= To do =
In the entries below, find the line with "A set of three mid century modern credenzas." and the line with "1. Louise credenza". Repeat exactly everything between them, those two lines included, but not the pictures.

= Records supplied =

⟨

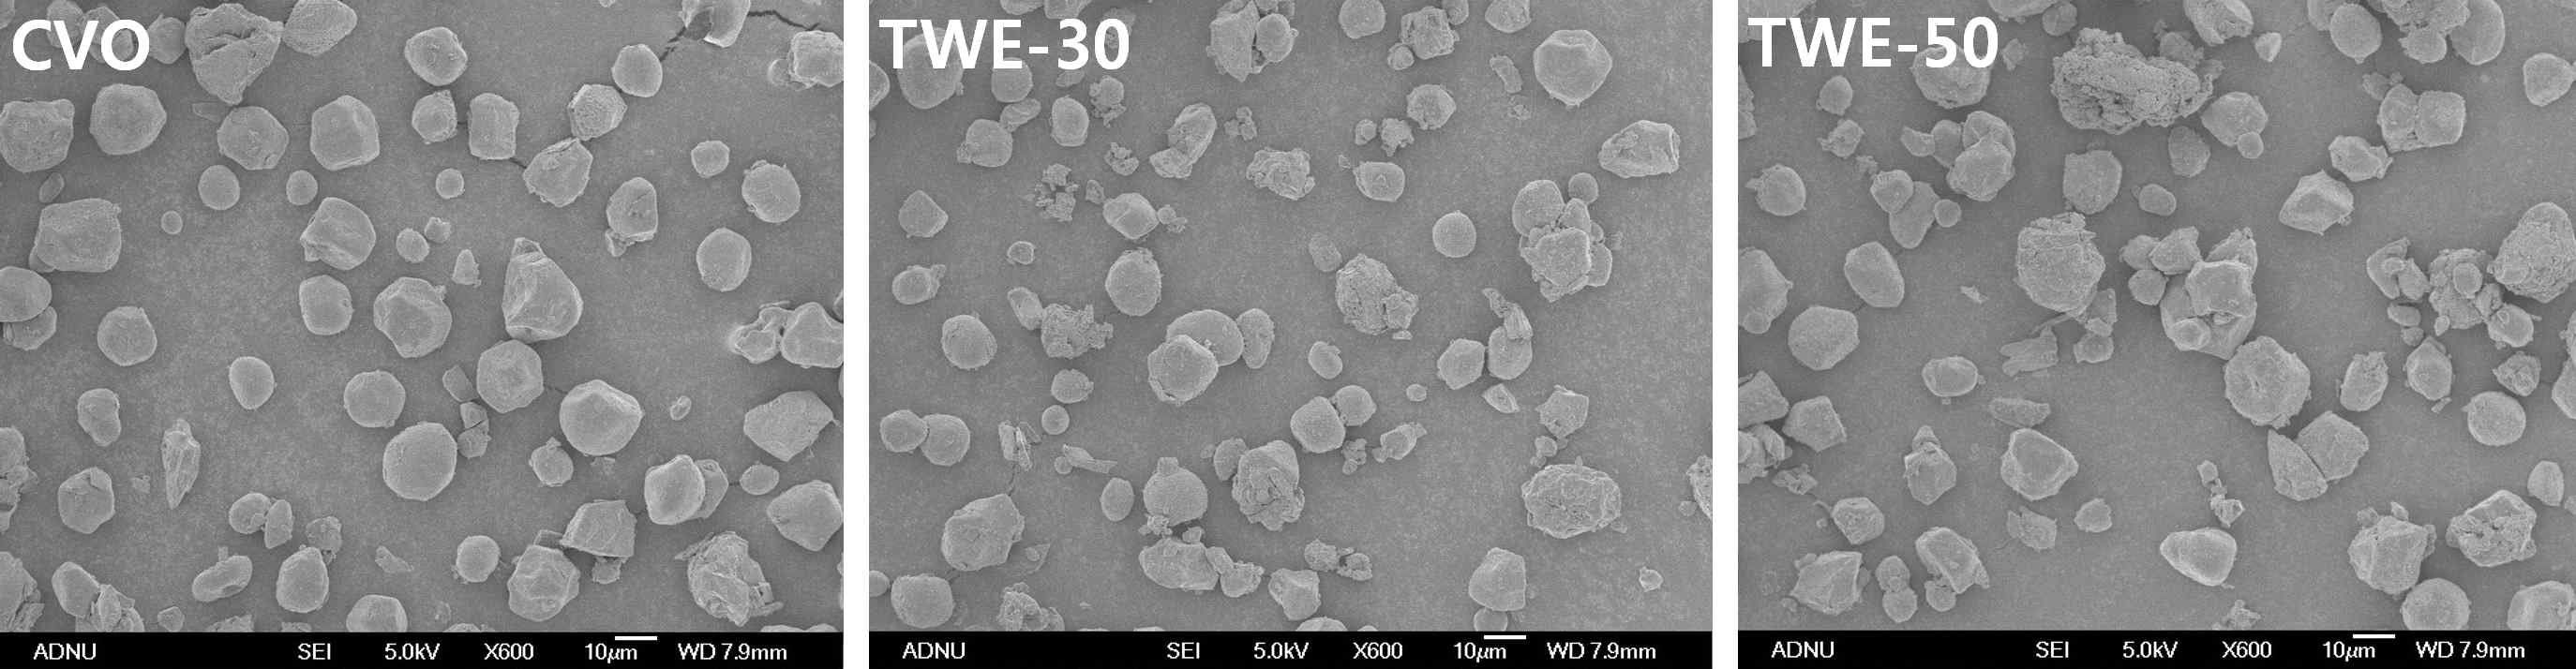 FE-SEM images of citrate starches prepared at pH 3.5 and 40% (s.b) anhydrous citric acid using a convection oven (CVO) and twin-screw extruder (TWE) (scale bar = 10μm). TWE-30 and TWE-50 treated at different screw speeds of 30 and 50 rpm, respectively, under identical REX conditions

⟩
⟨

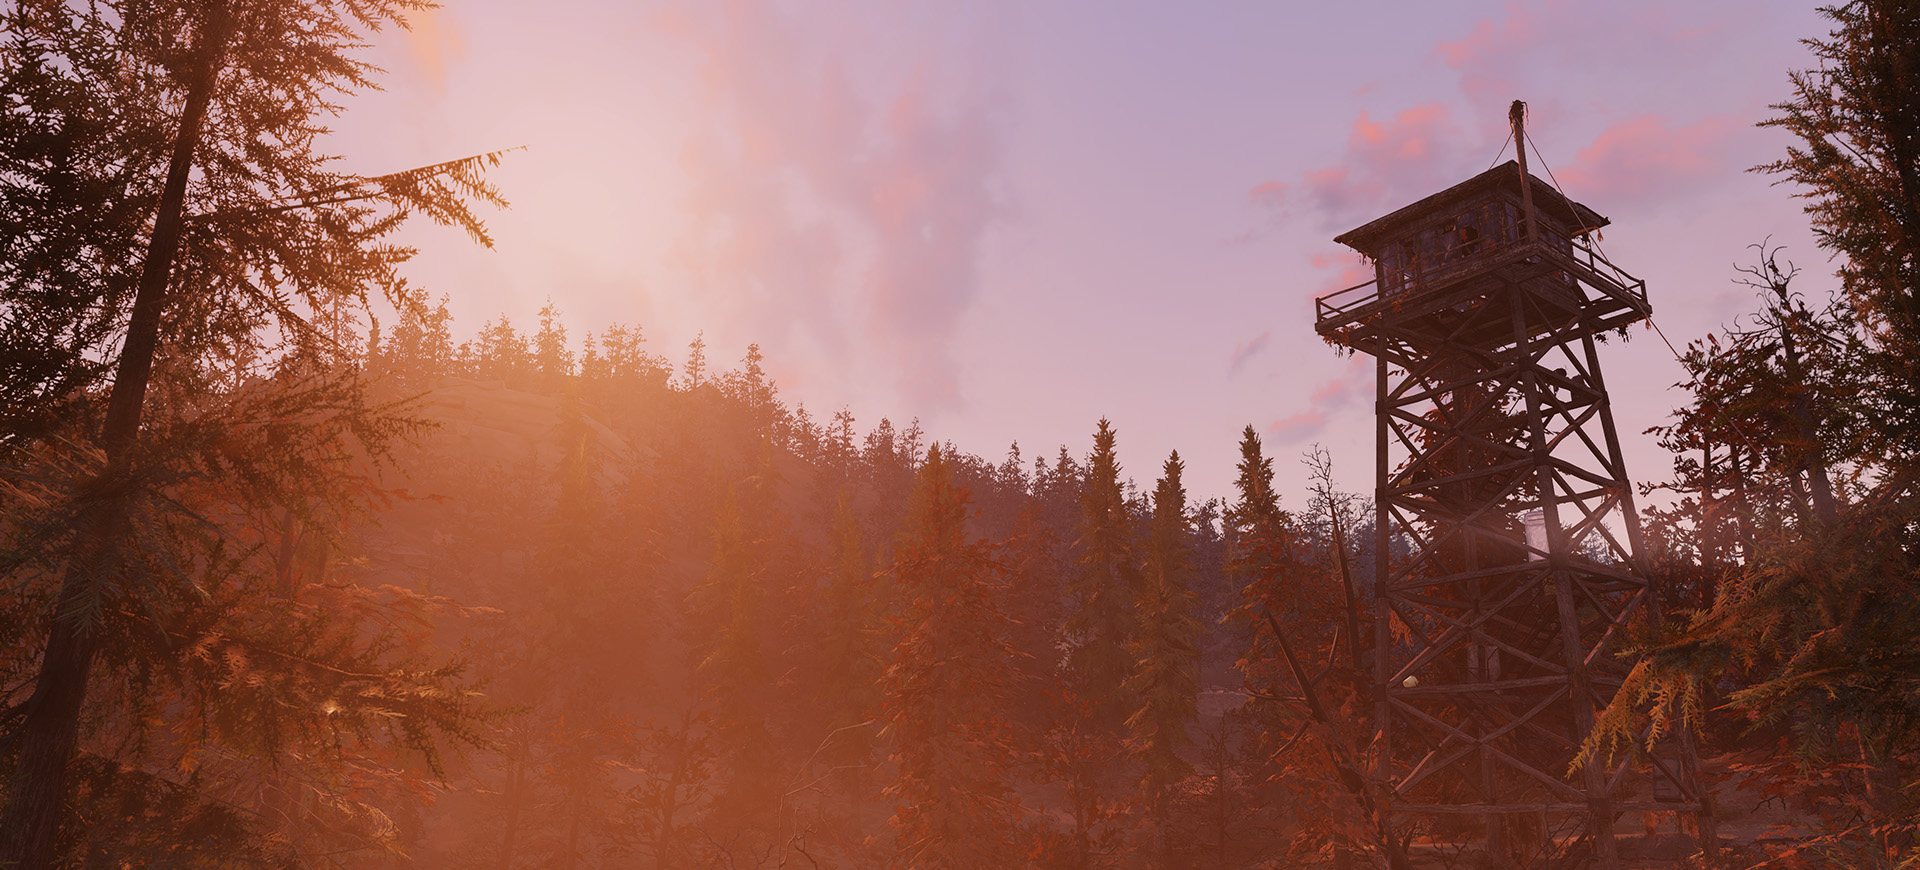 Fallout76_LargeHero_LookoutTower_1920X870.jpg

⟩
⟨

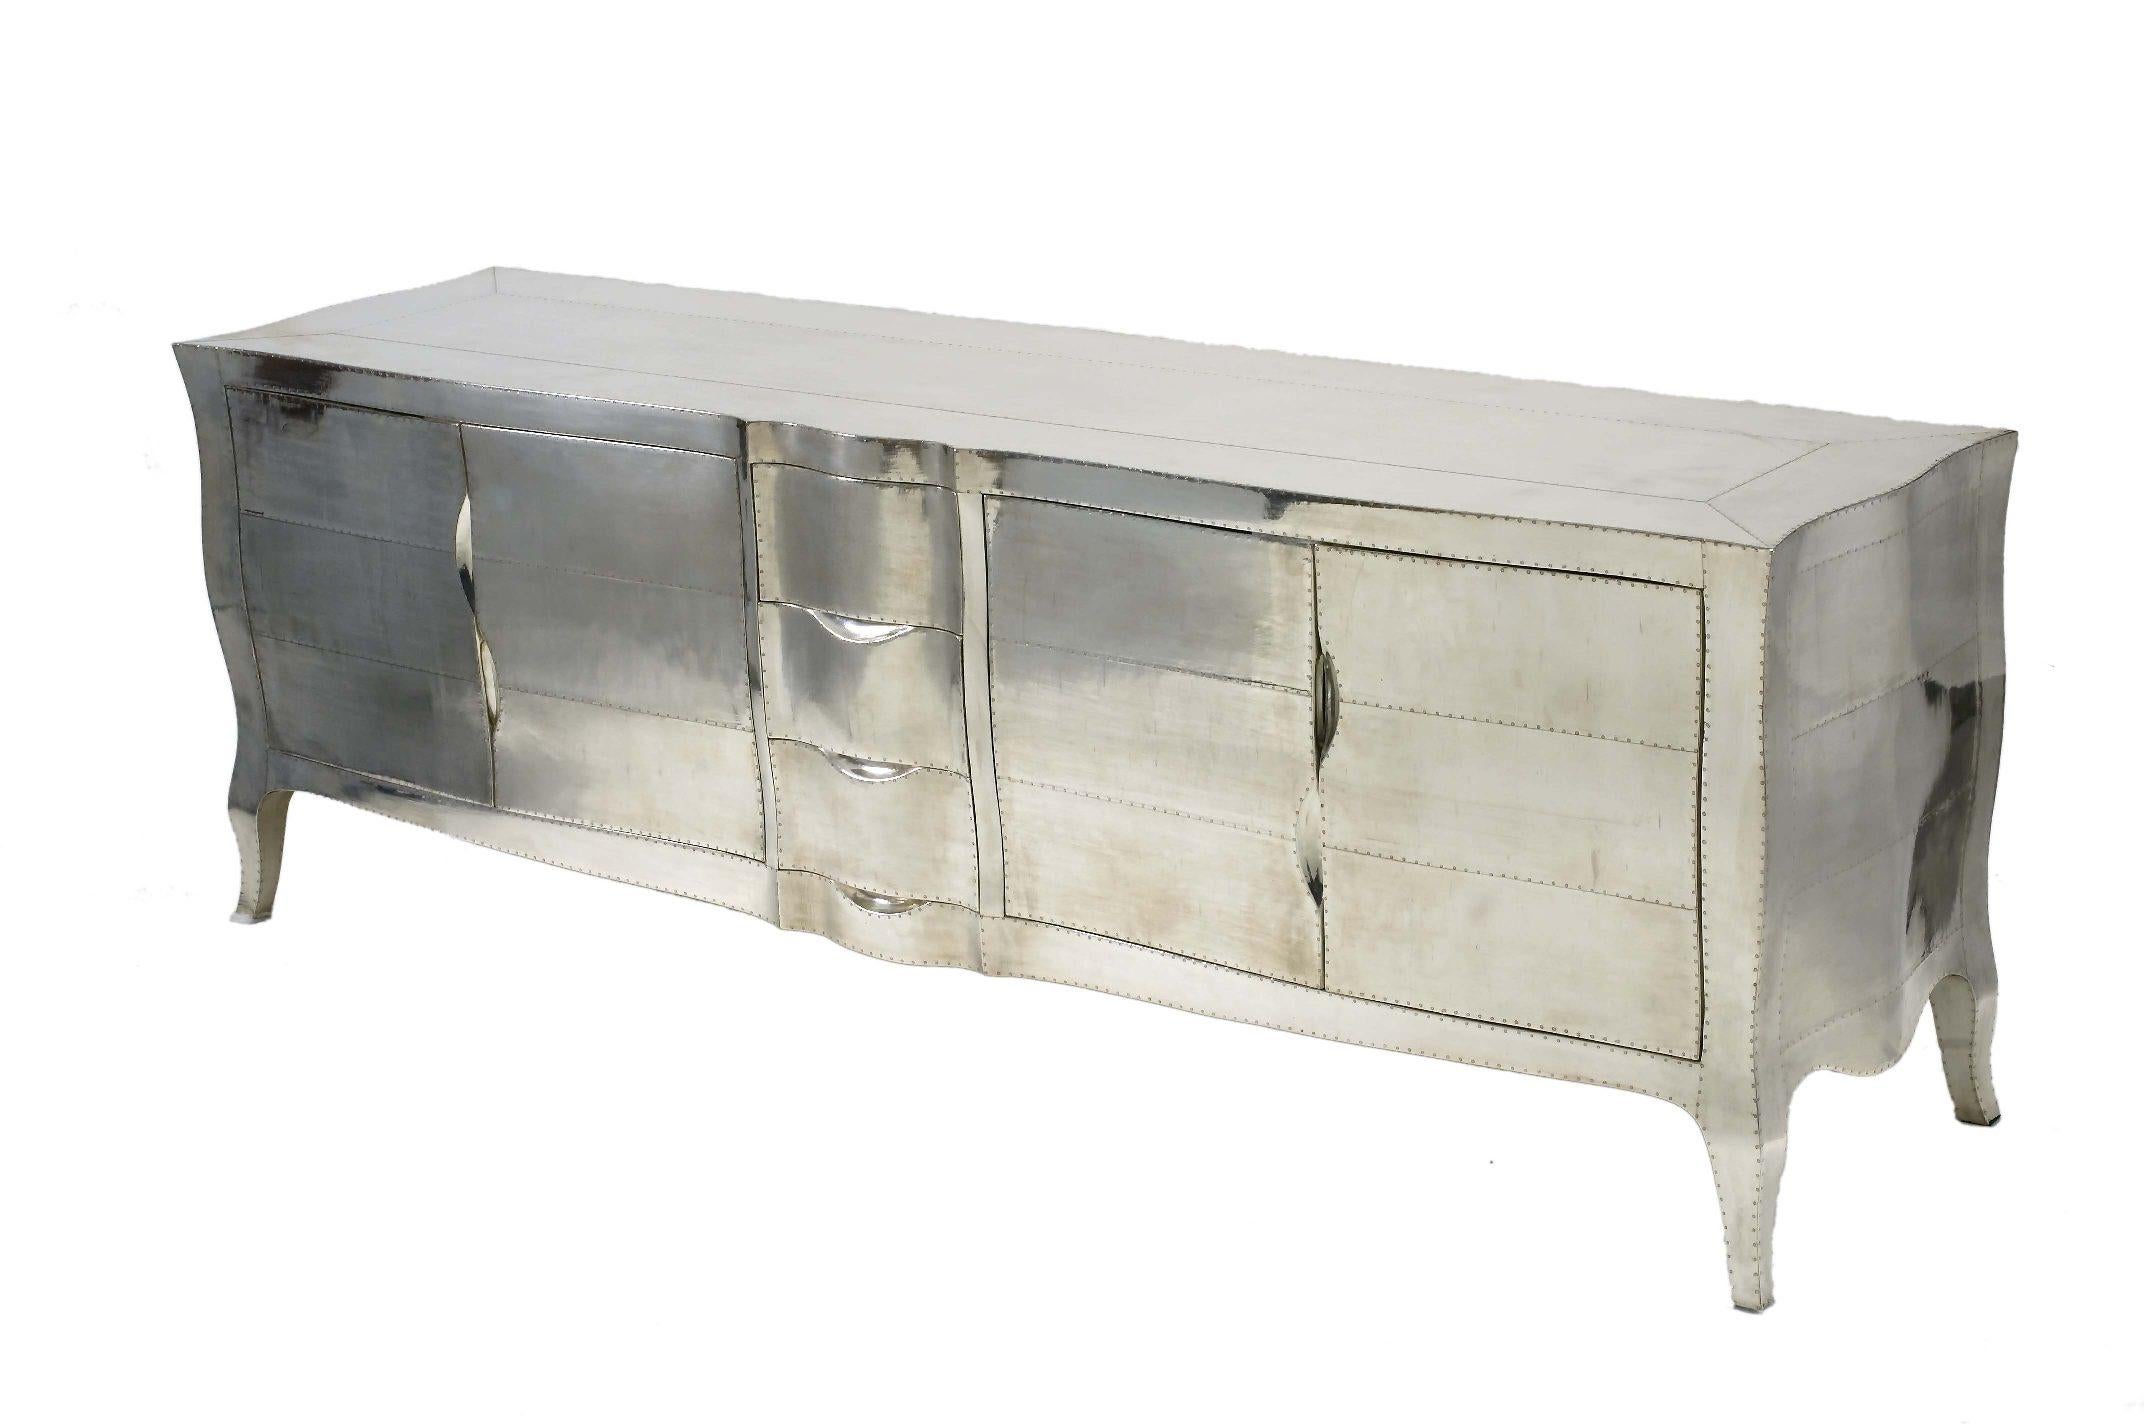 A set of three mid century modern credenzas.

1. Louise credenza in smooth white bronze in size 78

⟩

= Written reply =
 A set of three mid century modern credenzas.

1. Louise credenza in smooth white bronze in size 78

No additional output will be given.